--- GIVEN RECORDS Enclosed Below ---

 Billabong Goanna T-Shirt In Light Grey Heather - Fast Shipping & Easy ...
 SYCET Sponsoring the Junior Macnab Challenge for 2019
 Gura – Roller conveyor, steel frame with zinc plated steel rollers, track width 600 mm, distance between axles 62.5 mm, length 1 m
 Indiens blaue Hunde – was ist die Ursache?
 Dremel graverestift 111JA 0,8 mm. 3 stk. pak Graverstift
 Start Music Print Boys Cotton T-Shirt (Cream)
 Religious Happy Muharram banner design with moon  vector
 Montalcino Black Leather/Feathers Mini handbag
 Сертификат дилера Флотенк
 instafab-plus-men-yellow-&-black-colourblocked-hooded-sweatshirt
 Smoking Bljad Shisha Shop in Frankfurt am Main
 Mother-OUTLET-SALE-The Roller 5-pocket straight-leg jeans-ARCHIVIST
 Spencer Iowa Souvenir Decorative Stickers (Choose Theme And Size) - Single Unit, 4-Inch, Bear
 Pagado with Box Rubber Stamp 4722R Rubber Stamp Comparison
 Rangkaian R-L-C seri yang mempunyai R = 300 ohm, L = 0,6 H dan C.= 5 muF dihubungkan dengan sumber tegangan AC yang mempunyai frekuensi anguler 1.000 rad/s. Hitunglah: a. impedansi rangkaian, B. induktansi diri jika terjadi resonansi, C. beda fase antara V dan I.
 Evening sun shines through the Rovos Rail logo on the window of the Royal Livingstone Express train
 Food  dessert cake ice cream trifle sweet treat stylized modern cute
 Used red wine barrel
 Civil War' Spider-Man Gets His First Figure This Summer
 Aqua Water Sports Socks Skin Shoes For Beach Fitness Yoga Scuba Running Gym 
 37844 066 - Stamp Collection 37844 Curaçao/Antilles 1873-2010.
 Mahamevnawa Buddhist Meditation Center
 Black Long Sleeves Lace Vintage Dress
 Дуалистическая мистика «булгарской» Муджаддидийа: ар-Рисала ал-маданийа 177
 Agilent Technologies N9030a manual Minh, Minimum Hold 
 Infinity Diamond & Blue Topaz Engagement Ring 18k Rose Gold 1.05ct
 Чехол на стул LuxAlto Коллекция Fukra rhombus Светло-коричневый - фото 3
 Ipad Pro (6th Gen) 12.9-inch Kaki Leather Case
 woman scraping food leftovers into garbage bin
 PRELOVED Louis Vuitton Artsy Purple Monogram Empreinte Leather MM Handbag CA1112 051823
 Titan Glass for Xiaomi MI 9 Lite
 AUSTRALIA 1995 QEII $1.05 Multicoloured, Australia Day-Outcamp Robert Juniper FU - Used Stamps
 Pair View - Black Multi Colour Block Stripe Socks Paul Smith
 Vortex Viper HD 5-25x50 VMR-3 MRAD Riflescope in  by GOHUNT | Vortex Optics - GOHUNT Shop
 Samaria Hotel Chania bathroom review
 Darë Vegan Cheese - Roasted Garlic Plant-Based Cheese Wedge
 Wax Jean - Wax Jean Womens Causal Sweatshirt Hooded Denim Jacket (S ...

--- End of Enclosed GIVEN RECORDS ---

> WHAT IS NEEDED
Taking the entries above, write out exactly each line from the one holding "Indiens blaue Hunde – was ist die Ursache?" to the one holding "instafab-plus-men-yellow-&-black-colourblocked-hooded-sweatshirt", both included, and stop there.

> REPLY TO THE EXERCISE
 Indiens blaue Hunde – was ist die Ursache?
 Dremel graverestift 111JA 0,8 mm. 3 stk. pak Graverstift
 Start Music Print Boys Cotton T-Shirt (Cream)
 Religious Happy Muharram banner design with moon  vector
 Montalcino Black Leather/Feathers Mini handbag
 Сертификат дилера Флотенк
 instafab-plus-men-yellow-&-black-colourblocked-hooded-sweatshirt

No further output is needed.